Esophageal barium meal imaging has diagnostic significance for combined esophageal hiatus hernia and esophageal stricture. Image features of esophageal stricture: A. stenotic esophageal lumen; B. stenosis lacks dilatation ability, and can not be dilated with smooth muscle relaxant; The symmetrical lumen is thinned, and the upper lumen is moderately enlarged. Sliding esophageal hiatus is seen below the stenosis. Stenosis such as asymmetry and narrow internal mucosa are obviously irregular, indicating the possibility of cancer.

2. Endoscopy

Endoscopy is the best way to observe the esophageal injury and establish the diagnosis of erosive esophagitis and Barrett's esophagus. Endoscopy in patients with suspected GERD is the preferred method.

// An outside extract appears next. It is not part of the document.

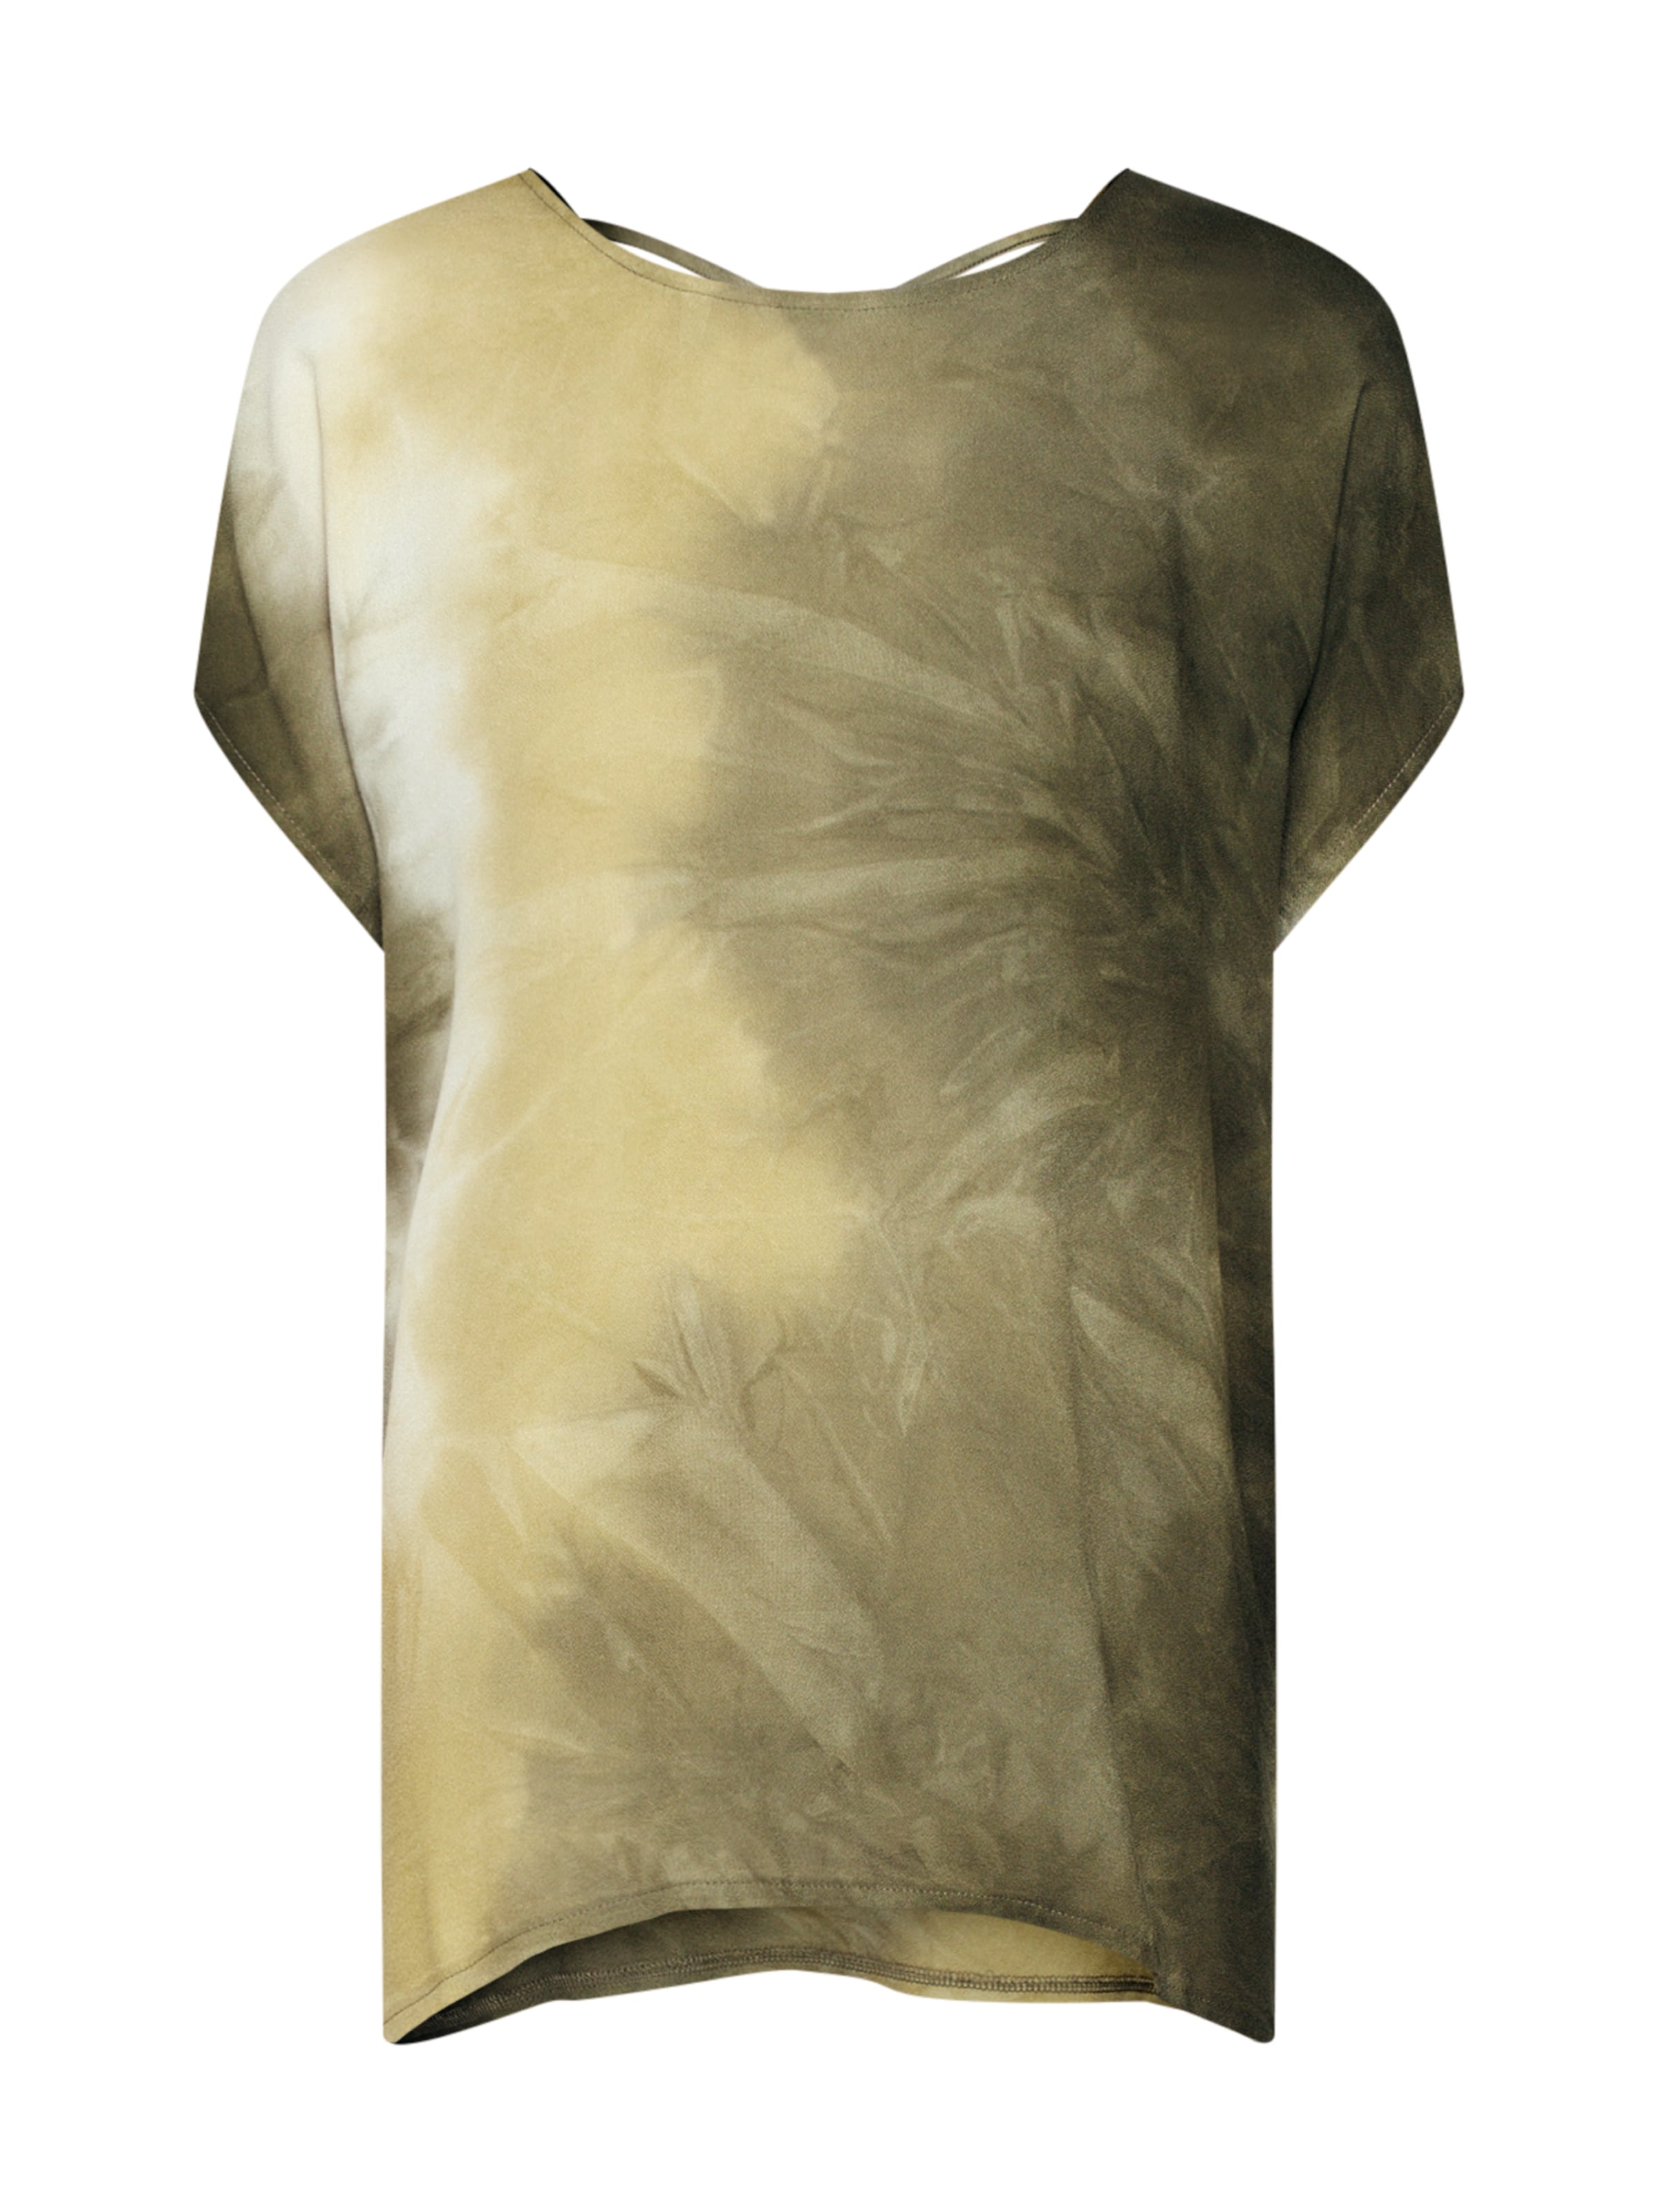 'chinara' shirt Couleurs About De You KakiMélange En T qMGpUSzV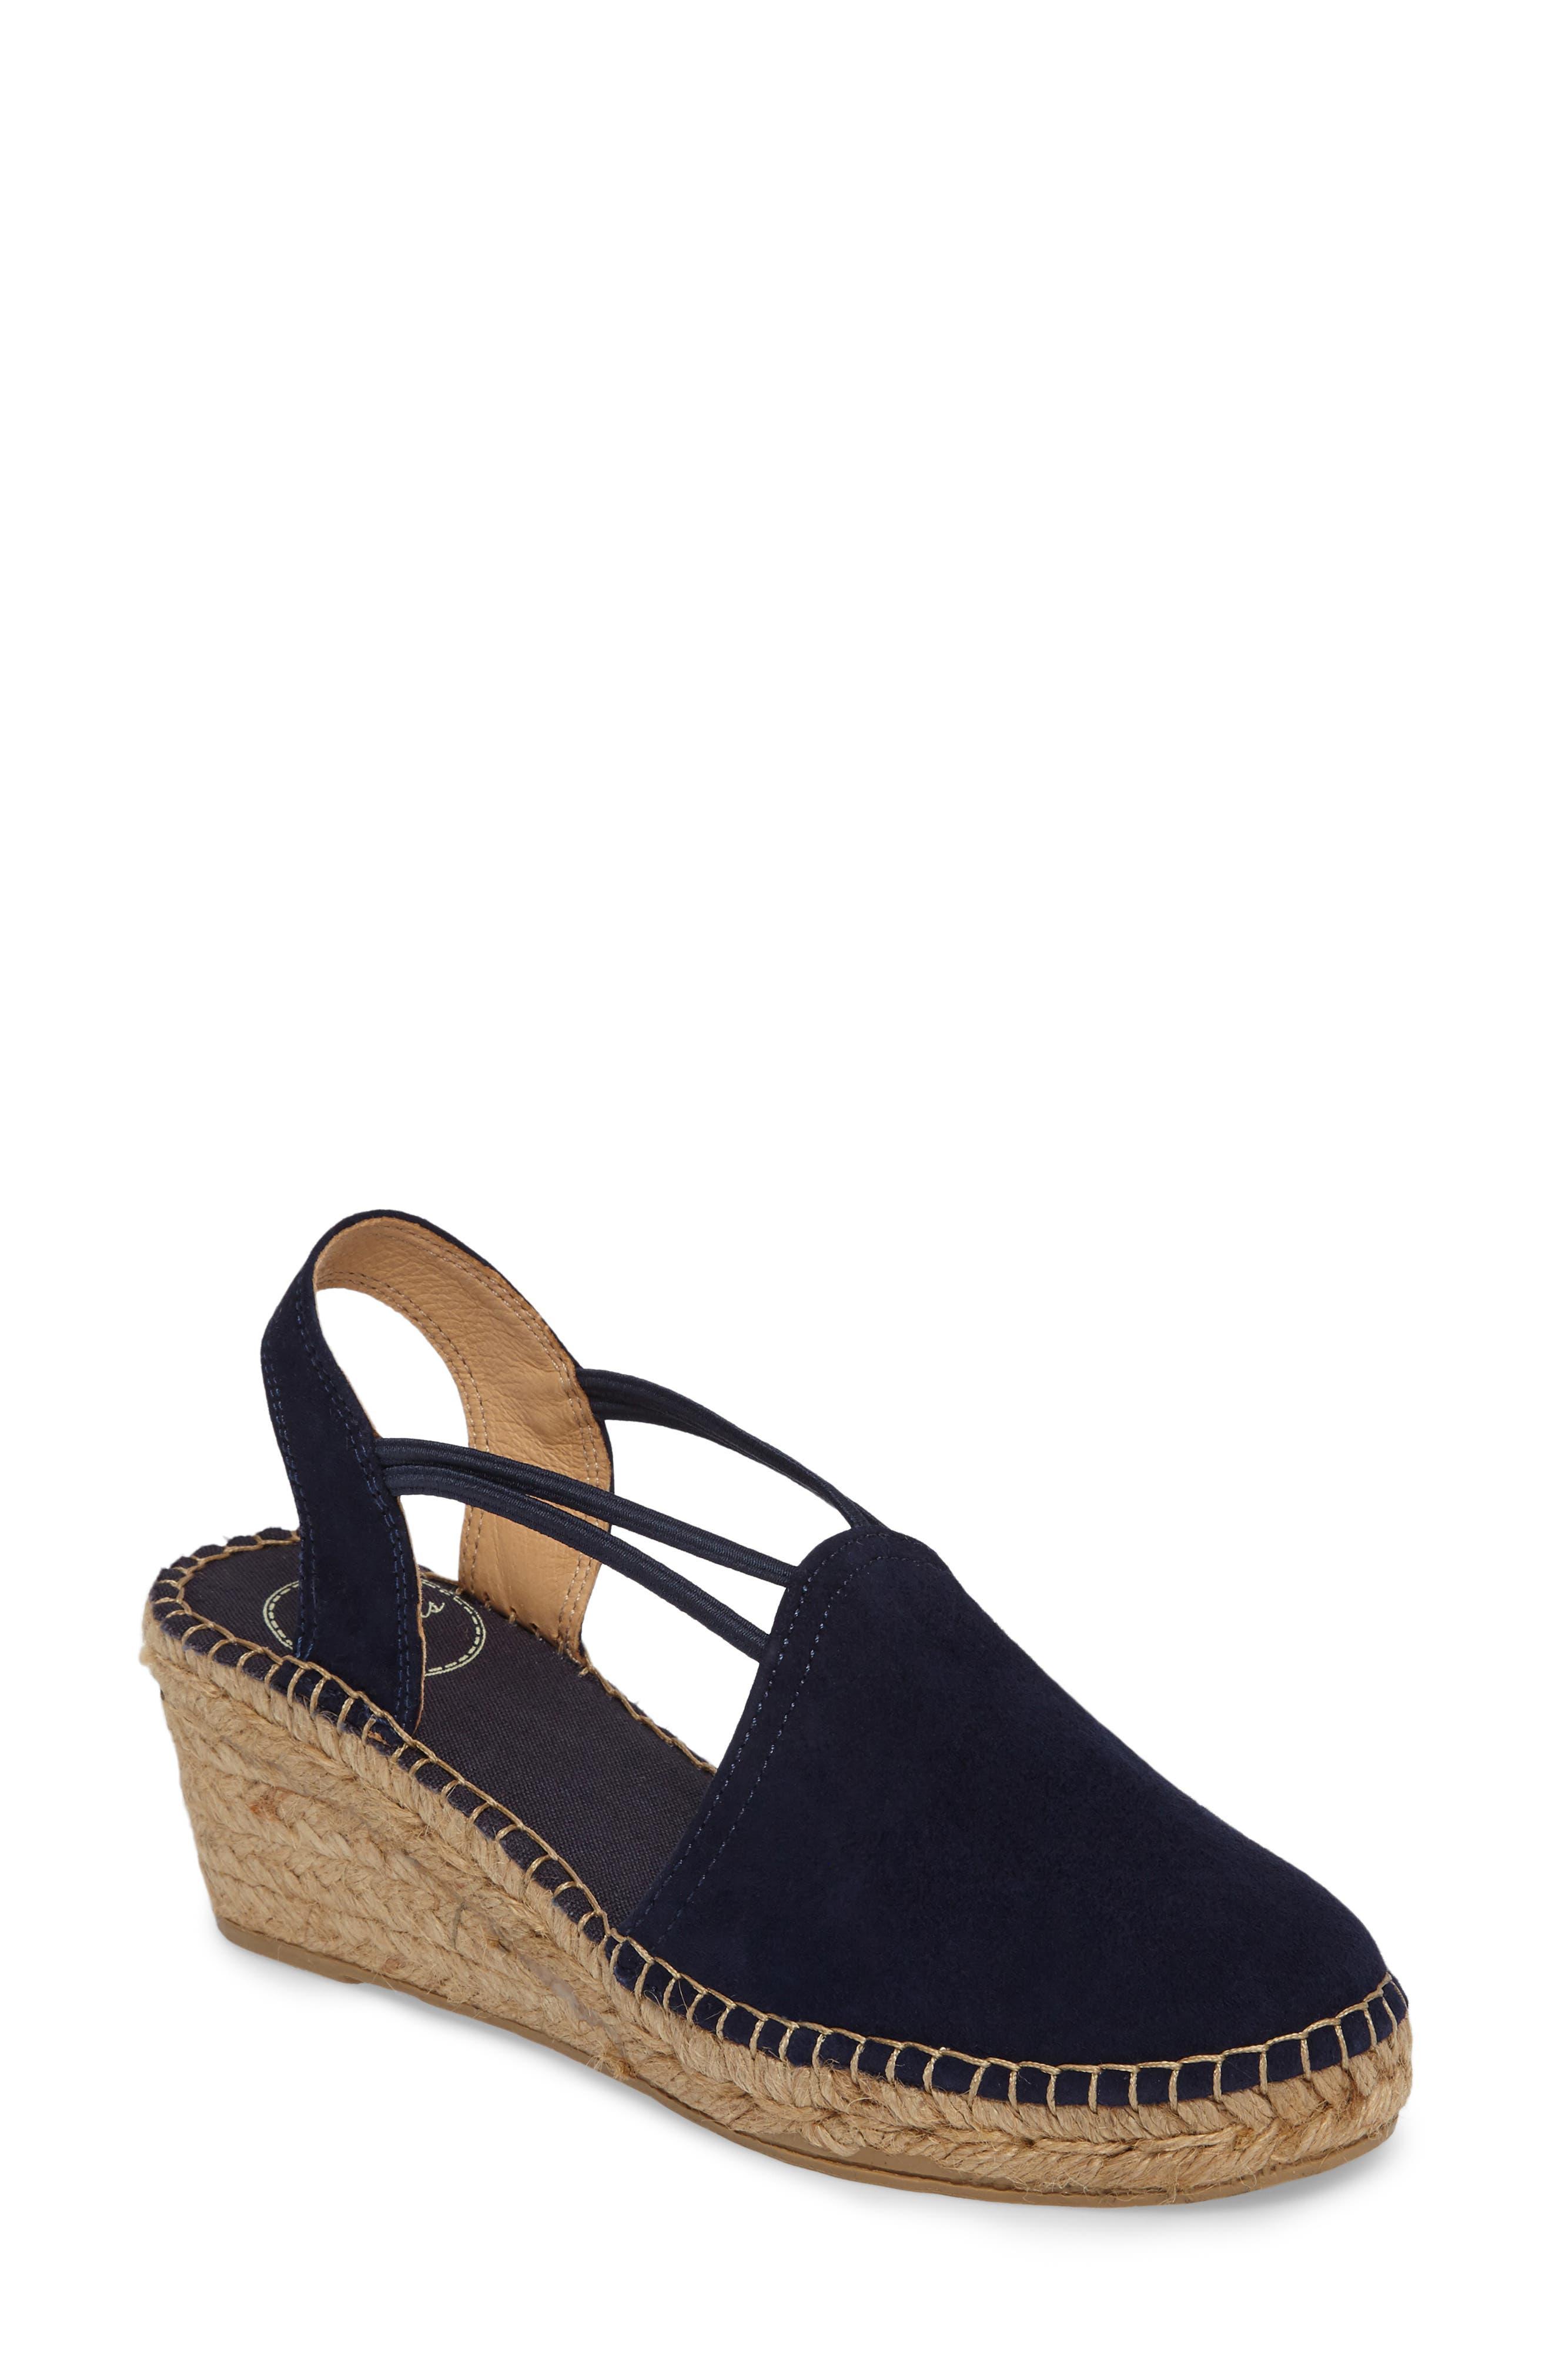 'Tremp' Slingback Espadrille Sandal, Main, color, NAVY SUEDE

Patients with heartburn, acid reflux symptoms, endoscopy can be 45 Erosive esophagitis is shown in % to 60% of patients; other patients may have non-erosive esophagitis, such as esophageal mucosal edema, hyperemia or normal manifestations.

(1) Endoscopic Savary and Miller staging methods.

Stage I: Single or isolated erosion with erythema and/or exudation.

Stage II: erosion or ulcer fusion, but not involving the esophagus for the entire week.

Stage III: The lesion involved the esophagus for the entire week without esophageal stricture.

Stage IV: Chronic lesions or ulcers, with esophageal wall fibrosis and stenosis, short esophagus, and/or Barrett's esophagus.

(2) Los Angeles classification method:

Class A: Mucosal damage in one or more places, no more than 5mm in each place.

Grade B: There is at least one mucosal destruction of more than 5 mm on the mucosal folds, but there is no fusion between the mucosal folds.

Grade C: There is a fusion failure between mucosal folds at two or more places, and no full-week damage has been formed.

Grade D: Mucosal destruction throughout the week.

In patients with atypical symptoms and extra-esophageal symptoms, erosive esophagitis is rare, and patients with unexplained chest pain and normal coronary vessels, although 50% have GERD, erosive esophagitis only accounts for 10% or less.

Endoscopic esophagitis is reported to be 30% to 40% of patients with GERD who have asthma at the same time. A study by Larrain (1991) indicates that esophagitis is found in 33% of asthma patients, mainly non-erosive esophagitis.

GERD

GERDpHBarrett

3.pH

pHpH24pH24

LESLES5cm

(upper esophageal sphincterUES)UESUES15cmUESLES5cmLES5cm20cmpH<46%1.2%;1.1%0%

50%(Weinei1988)

GERD24pHGERDGERDGERD103(Katz1987)12%(Schnatz1996)5(Katz1987)

4.

LESLESGERDGERDLESBarrett4%GERDLES30mmHg(ineffective esophageal motilityIEM)30%GERDKatzIEMGERD35%IEMNlissenIEMToupetBelsey 4

5.

99mTcValsalva

Shay(1991)61%pH15%

14%90%65%60%90%()pH

Diagnosis

diagnosis

pH

PH

Differential diagnosis

1.pHLES

2.GERD

(1)

(2)GERD

(3)

The material in this site is intended to be of general informational use and is not intended to constitute medical advice, probable diagnosis, or recommended treatments.

Was this article helpful? Thanks for the feedback. Thanks for the feedback.